Rule 9) Beef, Bevatron, stop spending spam to the Baxter Building and Avengers Mansion. It is getting ridiculous.

"How come we got two rules?" Buford blinked at Fabian, his regular partner-in-crime. The brown-haired bio-electricity generator shrugged.

"I dunno." He then looked at a piece of paper in his hand. "I wonder if that box of fake vomit I ordered on eBay had arrived." The other Hellions groaned.

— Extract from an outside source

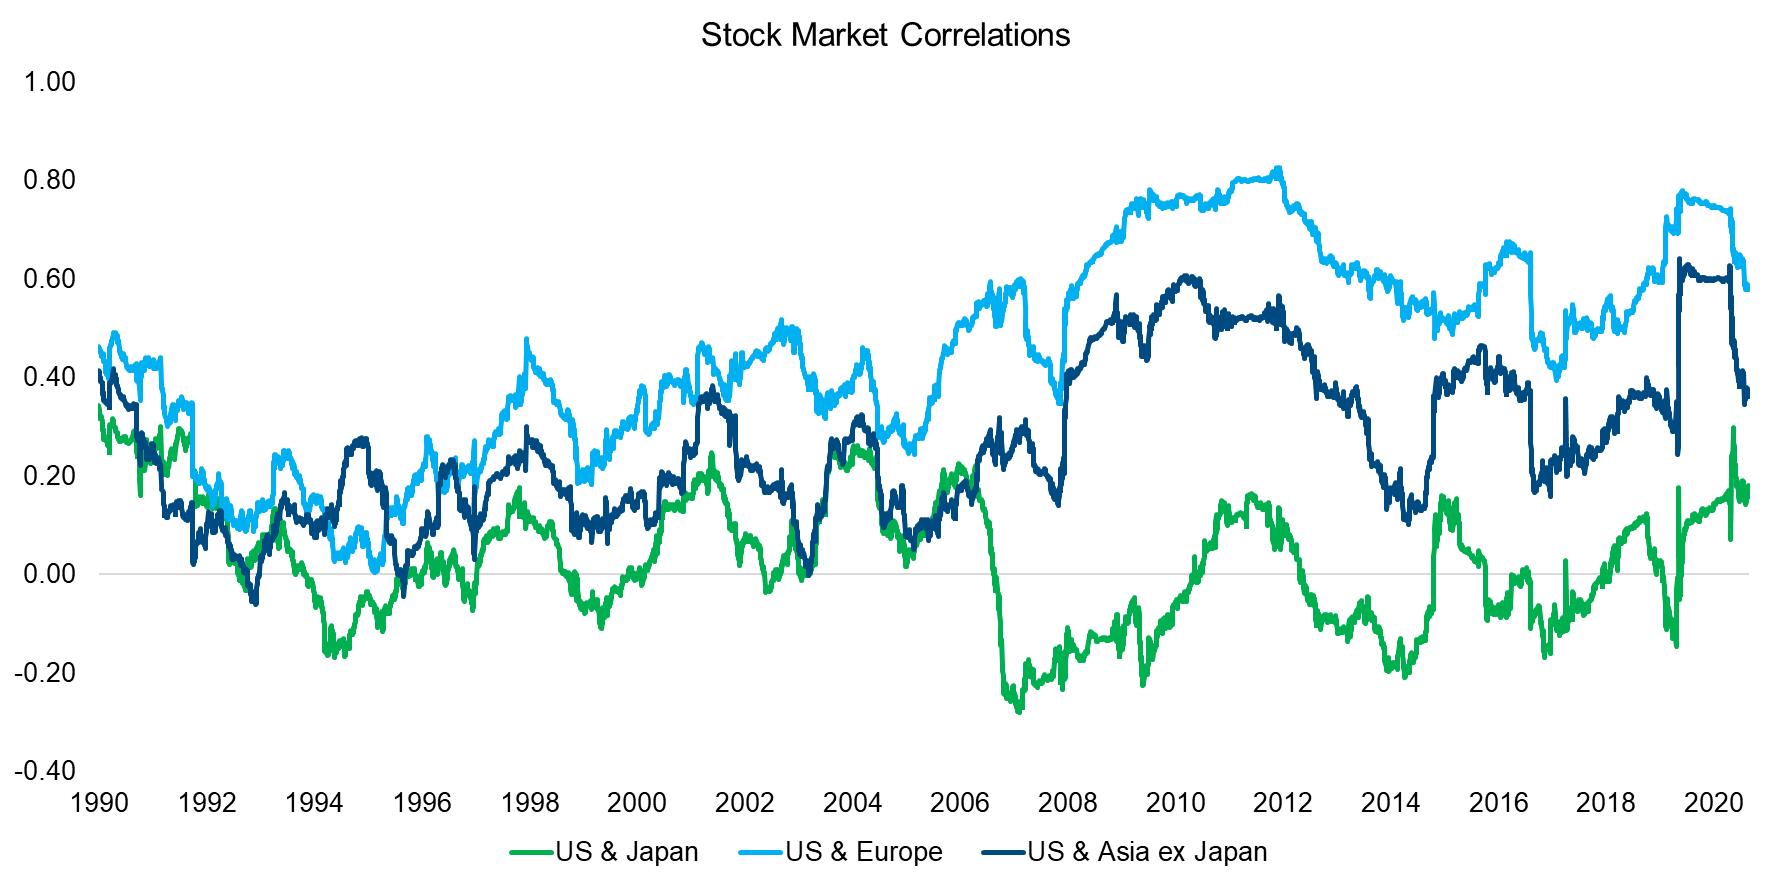 Stock Market Correlations
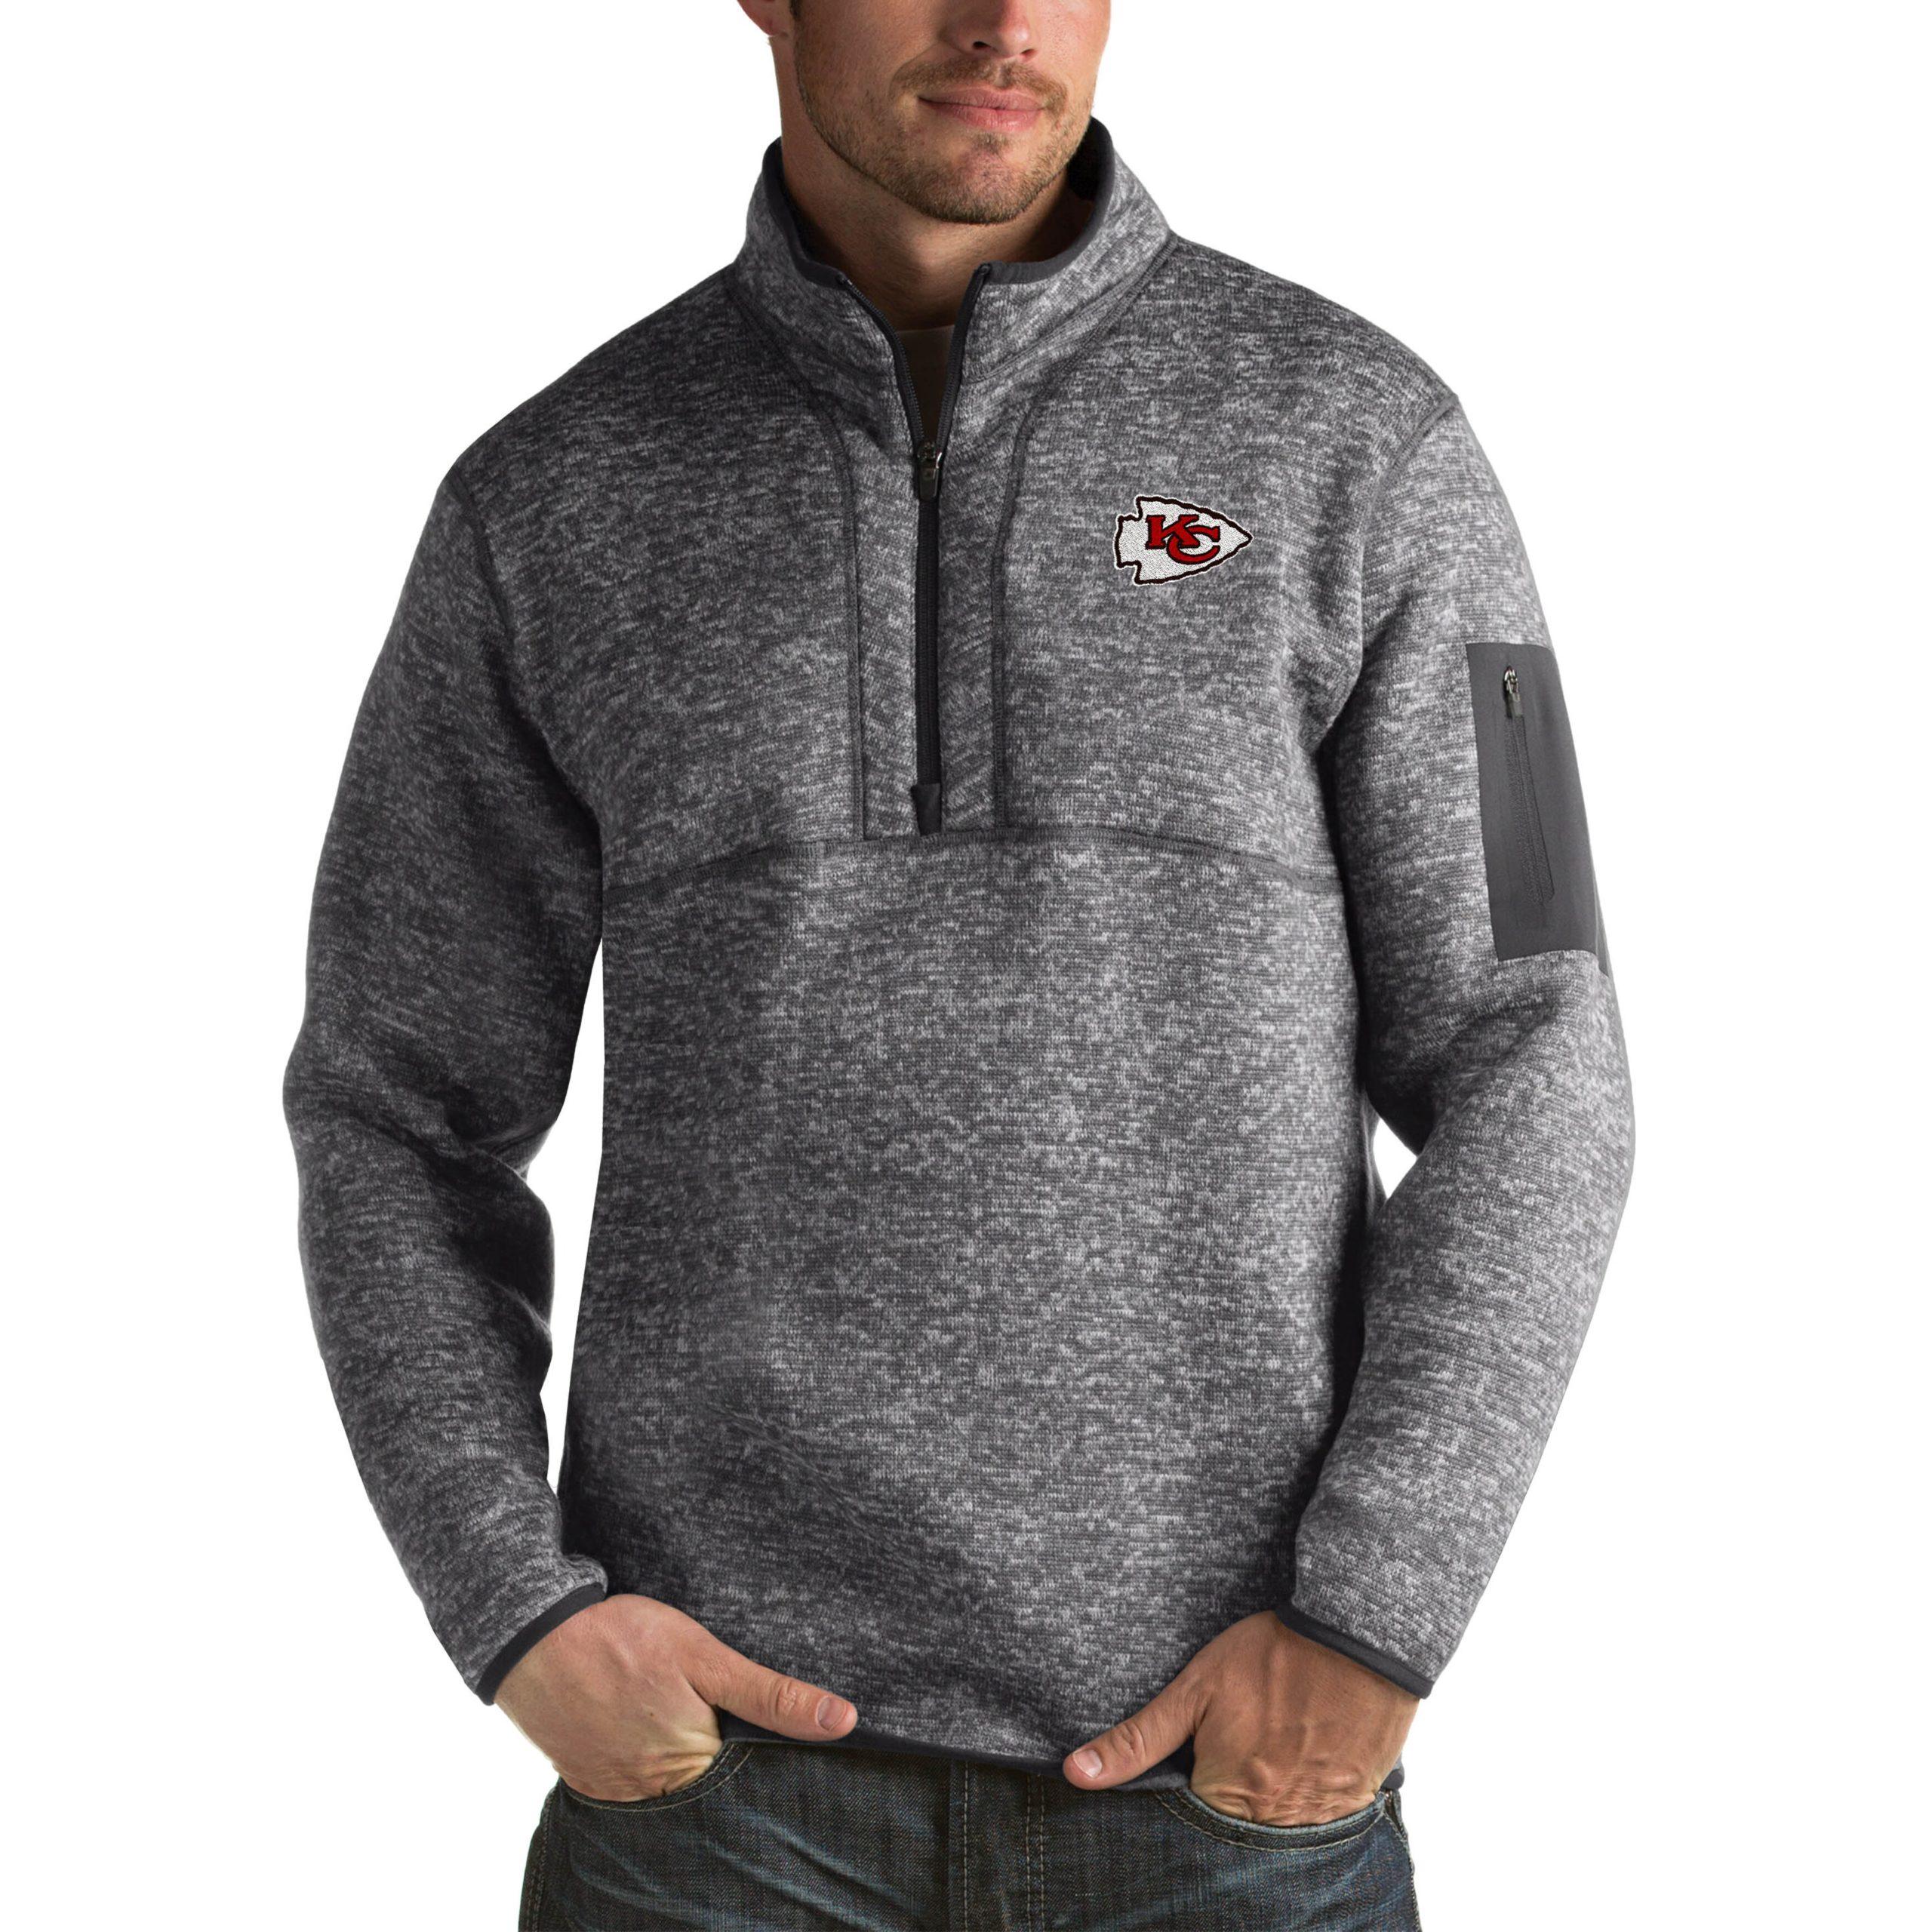 Kansas City Chiefs Antigua Fortune Big & Tall Quarter-Zip Pullover Jacket - Charcoal

"Here we go again..." Jennifer sighed.

Rule 10) Girls, if you must fight over that infuriating Wildstar, then can you at least do it somewhere away from the building. I'm tired of paying repair bills.

"The last time you bunch had a catfight, you blew up my room." Buford recalled with a sigh. "It was very difficult to clean up."

"Yeah, sorry about that." Marie winced. "I meant to hit Monet with that lightning bolt." She glared at the dark-skinned powerhouse.

"That accident would never had happened if the other girls didn't just simply give up and admit that Ace Starr desires me."

"Oh, no..." Haroun groaned.

"Ah, man..." Buford groaned.

"Here we go again..." Fabian sighed.

"You?! HAH!" Sharon laughed. "Ace and Catseye are felines, St. Croix!We connect in ways that you cannot understand."

"Please." Jennifer rolled her eyes. "You two are completely insane. It's pretty obvious that Ace Starr likes blondes." She smirked and flipped her blonde hair. "I tell you, when he first saw me, he got knocked out by my knockout self."

"Where he comes from, curvy blondes are a dime a dozen." Marie scowled. "He probably looks at you and thinks, 'Oh great, another curvy blonde. Oh, haven't seen one of those before in LA. Would be no surprise if she was a bubbly and giggly airhead'."

"I'm not a damn airhead!" Jennifer snapped.

"You giggle like one when Ace is around." Marie grumbled. "Do you really believe he finds that attractive?"

"I think we'd better get out of here..." Fabian suggested. He, Buford, and Haroun fled.

"More than he finds you, you twig." Jennifer snorted.

"That's it!" The redhead roared. She pounced on the blonde, and the two started to catfight.

"Hmmph." Monet snorted as she watched the two catfight. "And they wonder why Ace is so disgusted with those savages."

"He doesn't like you!" Sharon snarled as she engaged Monet in her own catfight. The fights drew the girls away from the scene.

Manuel de la Rocha still was unconscious, with his head in the wall. He would remain that way for several hours.

Thanks for reading!

(1) – A line Garfield the Cat said from a 1981 Garfield strip.